Continuity

Defintions and Properties

Definition

A function \(f(x)\) is continuous at \(x = a\) if the following conditions are satisfied:

• \(f(a)\) is defined

• \(\displaystyle{\lim_{x \to \\a}} f(x)\) exists (rule for existence: \(\displaystyle{\lim_{x \to \\a^-}} f(x) = \displaystyle{\lim_{x \to \\a^+}} f(x)\) )

• \(\displaystyle{\lim_{x \to \\a}} f(x) = f(a)\)

Intuitively, \(f(x)\) is continuous at \(x=a\) if we can draw the graph of \(y=f(x)\) without picking our pencil at \(x=a\).

Definition

The function \(f(x)\) is continuous on the interval \((a, b)\) if it is continuous at each point in the interval.

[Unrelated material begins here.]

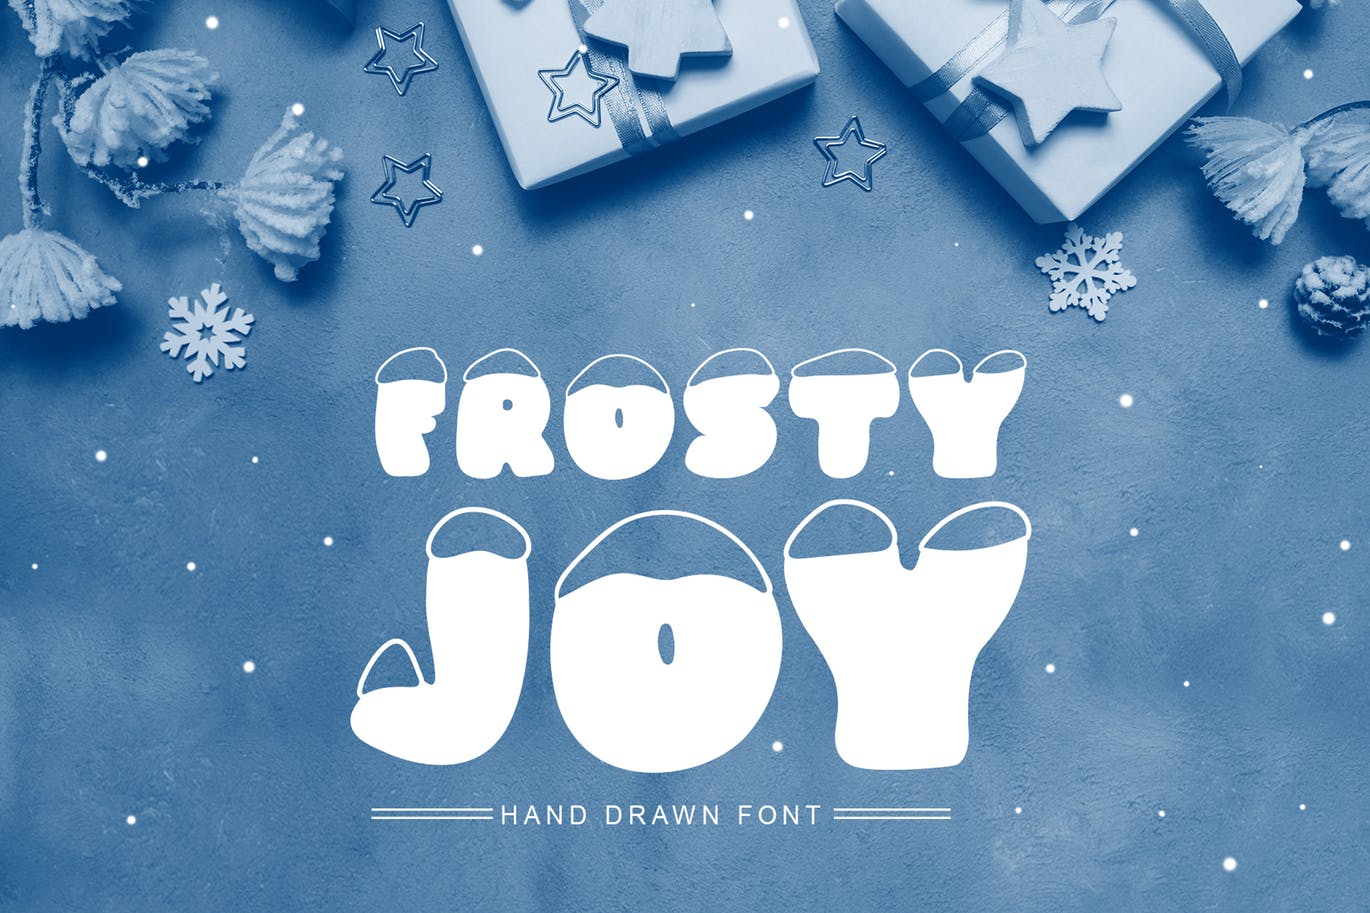 斯堪的纳维亚风格可爱积雪字体素材库精选 Frosty Joy Hand Drawn Display Font插图

If \(f(x)\) is not continuous at \(x=a\), then \(f(x)\) is said to be discontinuous at \(x=a\).

Properties of Continuous Functions

If \(f(x)\) and \(g(x)\) are continuous at \(x = a\) then:

• \([f(x)]^n\) where \(n\) is a real number, is continuous at \(x=a\) if \([f(a)]^n\) is defined.

• \(f(x) \pm g(x)\) is continuous at \(x = a\)

• \(f(x) \times g(x)\) is continuous at \(x = a\)

• \(\dfrac{f(x)}{g(x)}\) is continuous at \(x = a\) if \(g(a)\neq 0\)

Continuity of Polynomial and Rational Functions

Polynomial and rational functions are continuous on their domains.

• Polynomial functions are continuous everywhere.

• The rational function \(\dfrac{p(x)}{q(x)}\) is continuous everywhere \(q(x) \neq 0\).

Example 1

Continuity at a point

Is the following function continuous at \(x=1\)?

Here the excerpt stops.